* **Task prompt**:
Write out the full listing again, exactly as it stands.
╭─ Exercise input
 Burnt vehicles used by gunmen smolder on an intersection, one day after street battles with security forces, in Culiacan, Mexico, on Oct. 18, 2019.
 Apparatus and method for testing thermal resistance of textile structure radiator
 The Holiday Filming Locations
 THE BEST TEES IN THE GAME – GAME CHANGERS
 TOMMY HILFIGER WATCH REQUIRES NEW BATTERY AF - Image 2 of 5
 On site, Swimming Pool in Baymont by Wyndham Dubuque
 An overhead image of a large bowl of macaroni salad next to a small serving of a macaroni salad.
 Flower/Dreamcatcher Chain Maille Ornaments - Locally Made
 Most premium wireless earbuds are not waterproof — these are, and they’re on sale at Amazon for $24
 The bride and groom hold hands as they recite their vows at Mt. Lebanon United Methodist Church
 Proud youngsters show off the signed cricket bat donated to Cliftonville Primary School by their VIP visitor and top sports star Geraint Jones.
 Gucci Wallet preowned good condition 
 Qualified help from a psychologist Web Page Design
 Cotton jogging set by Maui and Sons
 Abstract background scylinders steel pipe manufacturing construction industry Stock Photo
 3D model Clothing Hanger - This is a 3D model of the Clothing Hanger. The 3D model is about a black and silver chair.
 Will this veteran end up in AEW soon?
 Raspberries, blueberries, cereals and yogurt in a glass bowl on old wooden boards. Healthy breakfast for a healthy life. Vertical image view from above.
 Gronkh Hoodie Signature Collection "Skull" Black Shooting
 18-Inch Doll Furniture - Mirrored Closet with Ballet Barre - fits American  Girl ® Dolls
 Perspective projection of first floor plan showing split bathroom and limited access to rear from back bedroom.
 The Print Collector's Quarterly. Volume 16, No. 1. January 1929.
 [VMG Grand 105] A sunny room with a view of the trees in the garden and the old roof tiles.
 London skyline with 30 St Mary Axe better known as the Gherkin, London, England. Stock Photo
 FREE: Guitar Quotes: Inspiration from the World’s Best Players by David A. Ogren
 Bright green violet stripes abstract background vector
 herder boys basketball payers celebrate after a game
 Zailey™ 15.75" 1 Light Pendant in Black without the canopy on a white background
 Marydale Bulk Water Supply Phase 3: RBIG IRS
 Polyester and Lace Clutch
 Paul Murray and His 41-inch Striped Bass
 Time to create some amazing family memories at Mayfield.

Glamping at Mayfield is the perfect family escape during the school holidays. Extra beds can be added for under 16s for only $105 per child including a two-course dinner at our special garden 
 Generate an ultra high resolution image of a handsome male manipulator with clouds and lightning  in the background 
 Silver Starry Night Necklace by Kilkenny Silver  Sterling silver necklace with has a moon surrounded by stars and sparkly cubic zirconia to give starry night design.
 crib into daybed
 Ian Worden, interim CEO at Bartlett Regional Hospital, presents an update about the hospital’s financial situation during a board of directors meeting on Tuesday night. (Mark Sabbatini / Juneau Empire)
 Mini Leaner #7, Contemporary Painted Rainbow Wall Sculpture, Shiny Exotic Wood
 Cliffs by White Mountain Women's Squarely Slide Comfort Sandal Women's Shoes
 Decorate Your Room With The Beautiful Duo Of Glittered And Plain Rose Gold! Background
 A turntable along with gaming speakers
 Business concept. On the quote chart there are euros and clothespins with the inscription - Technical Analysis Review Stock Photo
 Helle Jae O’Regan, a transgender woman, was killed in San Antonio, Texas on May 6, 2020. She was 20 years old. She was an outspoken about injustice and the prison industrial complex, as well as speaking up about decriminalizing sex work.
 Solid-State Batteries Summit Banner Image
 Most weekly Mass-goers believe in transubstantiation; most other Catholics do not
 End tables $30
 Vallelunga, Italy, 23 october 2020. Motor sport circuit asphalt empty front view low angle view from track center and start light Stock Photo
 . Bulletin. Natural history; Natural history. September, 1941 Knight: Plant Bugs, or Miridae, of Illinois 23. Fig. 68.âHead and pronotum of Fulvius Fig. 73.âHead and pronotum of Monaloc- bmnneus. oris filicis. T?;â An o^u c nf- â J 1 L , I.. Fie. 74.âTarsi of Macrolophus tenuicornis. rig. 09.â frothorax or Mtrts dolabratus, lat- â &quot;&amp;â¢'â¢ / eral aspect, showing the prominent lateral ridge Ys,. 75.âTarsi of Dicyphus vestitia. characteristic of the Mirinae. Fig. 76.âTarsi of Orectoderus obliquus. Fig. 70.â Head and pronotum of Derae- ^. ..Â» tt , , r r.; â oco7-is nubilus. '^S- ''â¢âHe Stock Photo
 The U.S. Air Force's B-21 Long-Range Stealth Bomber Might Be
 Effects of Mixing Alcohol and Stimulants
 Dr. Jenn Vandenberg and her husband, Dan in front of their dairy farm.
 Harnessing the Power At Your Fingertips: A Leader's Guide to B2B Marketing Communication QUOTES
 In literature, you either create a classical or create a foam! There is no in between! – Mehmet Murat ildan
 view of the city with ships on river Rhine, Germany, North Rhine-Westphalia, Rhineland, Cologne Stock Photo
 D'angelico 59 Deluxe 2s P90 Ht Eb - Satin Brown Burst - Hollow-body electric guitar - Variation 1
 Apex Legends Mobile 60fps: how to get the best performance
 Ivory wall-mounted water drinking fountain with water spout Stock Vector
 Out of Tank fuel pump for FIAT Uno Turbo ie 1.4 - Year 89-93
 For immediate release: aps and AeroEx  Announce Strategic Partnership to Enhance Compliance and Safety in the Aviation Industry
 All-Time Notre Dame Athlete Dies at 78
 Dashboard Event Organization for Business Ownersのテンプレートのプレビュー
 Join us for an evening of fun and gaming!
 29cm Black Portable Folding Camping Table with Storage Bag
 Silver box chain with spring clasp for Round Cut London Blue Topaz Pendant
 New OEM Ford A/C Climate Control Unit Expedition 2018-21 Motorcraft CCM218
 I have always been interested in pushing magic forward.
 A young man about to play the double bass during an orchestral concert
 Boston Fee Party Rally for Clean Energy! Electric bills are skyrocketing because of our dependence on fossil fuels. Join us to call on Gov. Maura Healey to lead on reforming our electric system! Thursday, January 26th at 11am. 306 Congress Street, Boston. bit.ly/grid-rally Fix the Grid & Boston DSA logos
╰─
* **Reply**:
 Burnt vehicles used by gunmen smolder on an intersection, one day after street battles with security forces, in Culiacan, Mexico, on Oct. 18, 2019.
 Apparatus and method for testing thermal resistance of textile structure radiator
 The Holiday Filming Locations
 THE BEST TEES IN THE GAME – GAME CHANGERS
 TOMMY HILFIGER WATCH REQUIRES NEW BATTERY AF - Image 2 of 5
 On site, Swimming Pool in Baymont by Wyndham Dubuque
 An overhead image of a large bowl of macaroni salad next to a small serving of a macaroni salad.
 Flower/Dreamcatcher Chain Maille Ornaments - Locally Made
 Most premium wireless earbuds are not waterproof — these are, and they’re on sale at Amazon for $24
 The bride and groom hold hands as they recite their vows at Mt. Lebanon United Methodist Church
 Proud youngsters show off the signed cricket bat donated to Cliftonville Primary School by their VIP visitor and top sports star Geraint Jones.
 Gucci Wallet preowned good condition 
 Qualified help from a psychologist Web Page Design
 Cotton jogging set by Maui and Sons
 Abstract background scylinders steel pipe manufacturing construction industry Stock Photo
 3D model Clothing Hanger - This is a 3D model of the Clothing Hanger. The 3D model is about a black and silver chair.
 Will this veteran end up in AEW soon?
 Raspberries, blueberries, cereals and yogurt in a glass bowl on old wooden boards. Healthy breakfast for a healthy life. Vertical image view from above.
 Gronkh Hoodie Signature Collection "Skull" Black Shooting
 18-Inch Doll Furniture - Mirrored Closet with Ballet Barre - fits American  Girl ® Dolls
 Perspective projection of first floor plan showing split bathroom and limited access to rear from back bedroom.
 The Print Collector's Quarterly. Volume 16, No. 1. January 1929.
 [VMG Grand 105] A sunny room with a view of the trees in the garden and the old roof tiles.
 London skyline with 30 St Mary Axe better known as the Gherkin, London, England. Stock Photo
 FREE: Guitar Quotes: Inspiration from the World’s Best Players by David A. Ogren
 Bright green violet stripes abstract background vector
 herder boys basketball payers celebrate after a game
 Zailey™ 15.75" 1 Light Pendant in Black without the canopy on a white background
 Marydale Bulk Water Supply Phase 3: RBIG IRS
 Polyester and Lace Clutch
 Paul Murray and His 41-inch Striped Bass
 Time to create some amazing family memories at Mayfield.

Glamping at Mayfield is the perfect family escape during the school holidays. Extra beds can be added for under 16s for only $105 per child including a two-course dinner at our special garden 
 Generate an ultra high resolution image of a handsome male manipulator with clouds and lightning  in the background 
 Silver Starry Night Necklace by Kilkenny Silver  Sterling silver necklace with has a moon surrounded by stars and sparkly cubic zirconia to give starry night design.
 crib into daybed
 Ian Worden, interim CEO at Bartlett Regional Hospital, presents an update about the hospital’s financial situation during a board of directors meeting on Tuesday night. (Mark Sabbatini / Juneau Empire)
 Mini Leaner #7, Contemporary Painted Rainbow Wall Sculpture, Shiny Exotic Wood
 Cliffs by White Mountain Women's Squarely Slide Comfort Sandal Women's Shoes
 Decorate Your Room With The Beautiful Duo Of Glittered And Plain Rose Gold! Background
 A turntable along with gaming speakers
 Business concept. On the quote chart there are euros and clothespins with the inscription - Technical Analysis Review Stock Photo
 Helle Jae O’Regan, a transgender woman, was killed in San Antonio, Texas on May 6, 2020. She was 20 years old. She was an outspoken about injustice and the prison industrial complex, as well as speaking up about decriminalizing sex work.
 Solid-State Batteries Summit Banner Image
 Most weekly Mass-goers believe in transubstantiation; most other Catholics do not
 End tables $30
 Vallelunga, Italy, 23 october 2020. Motor sport circuit asphalt empty front view low angle view from track center and start light Stock Photo
 . Bulletin. Natural history; Natural history. September, 1941 Knight: Plant Bugs, or Miridae, of Illinois 23. Fig. 68.âHead and pronotum of Fulvius Fig. 73.âHead and pronotum of Monaloc- bmnneus. oris filicis. T?;â An o^u c nf- â J 1 L , I.. Fie. 74.âTarsi of Macrolophus tenuicornis. rig. 09.â frothorax or Mtrts dolabratus, lat- â &quot;&amp;â¢'â¢ / eral aspect, showing the prominent lateral ridge Ys,. 75.âTarsi of Dicyphus vestitia. characteristic of the Mirinae. Fig. 76.âTarsi of Orectoderus obliquus. Fig. 70.â Head and pronotum of Derae- ^. ..Â» tt , , r r.; â oco7-is nubilus. '^S- ''â¢âHe Stock Photo
 The U.S. Air Force's B-21 Long-Range Stealth Bomber Might Be
 Effects of Mixing Alcohol and Stimulants
 Dr. Jenn Vandenberg and her husband, Dan in front of their dairy farm.
 Harnessing the Power At Your Fingertips: A Leader's Guide to B2B Marketing Communication QUOTES
 In literature, you either create a classical or create a foam! There is no in between! – Mehmet Murat ildan
 view of the city with ships on river Rhine, Germany, North Rhine-Westphalia, Rhineland, Cologne Stock Photo
 D'angelico 59 Deluxe 2s P90 Ht Eb - Satin Brown Burst - Hollow-body electric guitar - Variation 1
 Apex Legends Mobile 60fps: how to get the best performance
 Ivory wall-mounted water drinking fountain with water spout Stock Vector
 Out of Tank fuel pump for FIAT Uno Turbo ie 1.4 - Year 89-93
 For immediate release: aps and AeroEx  Announce Strategic Partnership to Enhance Compliance and Safety in the Aviation Industry
 All-Time Notre Dame Athlete Dies at 78
 Dashboard Event Organization for Business Ownersのテンプレートのプレビュー
 Join us for an evening of fun and gaming!
 29cm Black Portable Folding Camping Table with Storage Bag
 Silver box chain with spring clasp for Round Cut London Blue Topaz Pendant
 New OEM Ford A/C Climate Control Unit Expedition 2018-21 Motorcraft CCM218
 I have always been interested in pushing magic forward.
 A young man about to play the double bass during an orchestral concert
 Boston Fee Party Rally for Clean Energy! Electric bills are skyrocketing because of our dependence on fossil fuels. Join us to call on Gov. Maura Healey to lead on reforming our electric system! Thursday, January 26th at 11am. 306 Congress Street, Boston. bit.ly/grid-rally Fix the Grid & Boston DSA logos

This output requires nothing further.